キャリアアドバイザーの第二・第三世代はサラリーマン化している
2003年度に慶應MCCキャリアアドバイザー養成講座ベーシックに通い、翌2004年度にはアドバンスを連続受講。そして、2005年度からSFC研究所キャリアラボの登録キャリアアドバイザーとして、花田光世先生のスーパービジョンにずっと隔月で参加させていただいています。

で、本日が2012年度の最終回。ごくわずかの遅刻で参加することができました。

いろいろメモとして残しておきたいことがありますが、これからまた出かけるので1つだけ。キャリアアドバイザーの第二・第三世代というお話についてです。花田先生曰く「キャリアアドバイザーの第二・第三世代はサラリーマン化している」と。つまり、与えられたミッション・役割に基づいて、与えられたことをやっているだけの存在になってしまっているとの指摘です。

といっても、そもそもキャリアアドバイザーは企業内の存在ですから、皆、サラリーマンです。仕方がないんじゃないのという気もしますが……。でも、これはとても本質的なお話でもあります。

第一世代のキャリアアドバイザーというのは、当然ですがその企業の中で前人未到の道を歩まざるを得ない運命にありました。企業内キャリア自律なんてものが役に立つのかという罵声を浴びながら、1つひとつ障壁を片づけ、1つひとりを説得をして、それぞれの企業でキャリアという概念を定着させてきたわけです。そんなことですから、命じられてキャリアアドバイザーになったという人はあまりいないわけです。勝手にアングラからやり始めたり、一生懸命企画を出して辿りついたり、人それぞれでしょうが、いずれにしても大半の人が自分がやりたくて始めたのです。それがわずかに10年前のことですから、時代は意外と早く動いているものです。
やりたくて始めるわけですし、周囲の理解はないわけですから、それこそ「サラリーマン根性」では仕事が進みません。勝手に外とのネットワークを創り、そこから多くのことを学び、社内でも理解者を増やしていく、各企業でいろいろなドラマがあったことかと思います。

そして、第一世代も異動で別の仕事に移ったり、引退をしたりしていきます。その時点で、企業内でキャリアアドバイザーというものが認知されていれば、当然のごとく後任がアサインされます。第二世代です。一部の人は希望して着任できたのでしょうが、意に反して着任した人もいるかもしれません。いずれにしても「仕事」としてキャリアアドバイザーをやることになったわけです。いうまでもなく、第一世代は、仕事としてやっていたわけではありません。自分を突き動かす何かがあってやり始めたわけです。この差は大きいです。さらに第三世代となると、創業の第一世代と一緒に仕事をする経験を持てていないのですから、さらに役割で仕事をするようになるのはいたしかたありません。

実はこれはキャリアアドバイザーだけの話ではありません。あらゆる「新しい」仕事にいえることです。

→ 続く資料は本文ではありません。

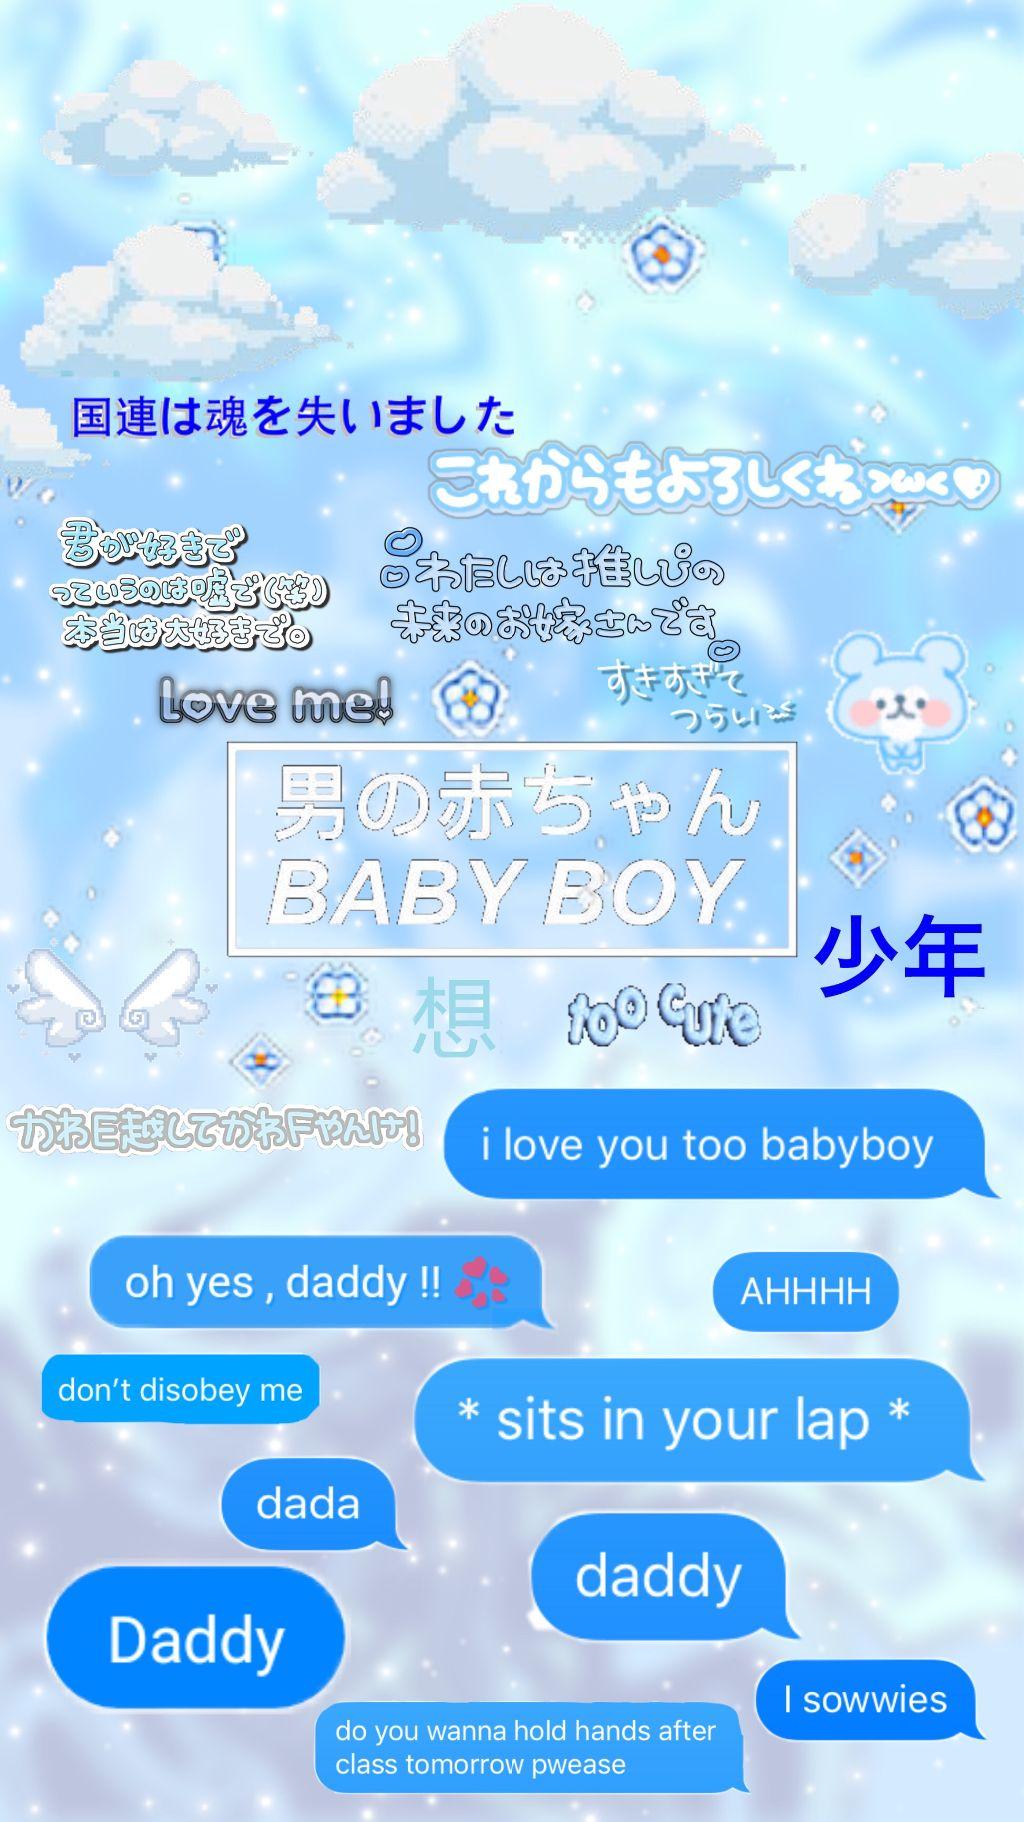 babyboy ddlb ddlg littlespace wallpaper background free

このブログの中でも、ほぼ同じような話を「シェアードサービス」についても書きましたし、「COMPANY」についても書きました。最近では「障害者特例子会社」なんかでも同じことがいえるなと感じています。

私は幸いなことに、キャリアアドバイザーもSSCもCOMPANYも障害者特例子会社も第一世代です。第一世代として仕事をするのは何といっても面白いのです。前任者のいない仕事ほど、組織で働いていて面白いものはありません。私は前任者がいる仕事であっても、引継書などはほとんどみないように意識しています。自分で一から好きなやり方で仕事を始める方です。でも、なんだかんだのしがらみがありますから、第一世代的な仕事のような醍醐味までは味わうことはできません。

第一世代の共通の特徴として、外とのネットワークを構築しており、大切にしているところがあります。何せ社内には共通言語が通じる人がいないというのが、第一世代の宿命ですからこれは当然のことです。

でも、レッテル貼りはいけません。第二世代、第三世代にも、第一世代以上に意欲と熱意と使命感をもって、新しい価値をさらに加えることに奔走している人はたくさんいます。他者に安易なレッテルを貼った時から自分の堕落が往々にして始まります。

第一世代にとって必要なのは、何よりも回顧話をしないことです(今日は少ししてしまっていますがご容赦を)。いつまでたっても、健全に過去を否定して、第二世代や第三世代からも真摯に学んで、今よりもさらによい明日を創るためにはどうすればいいのかを考え続けることです。それができないことを自覚したら、そろそろ引退の時だということでしょう。気をつけなきゃいけません。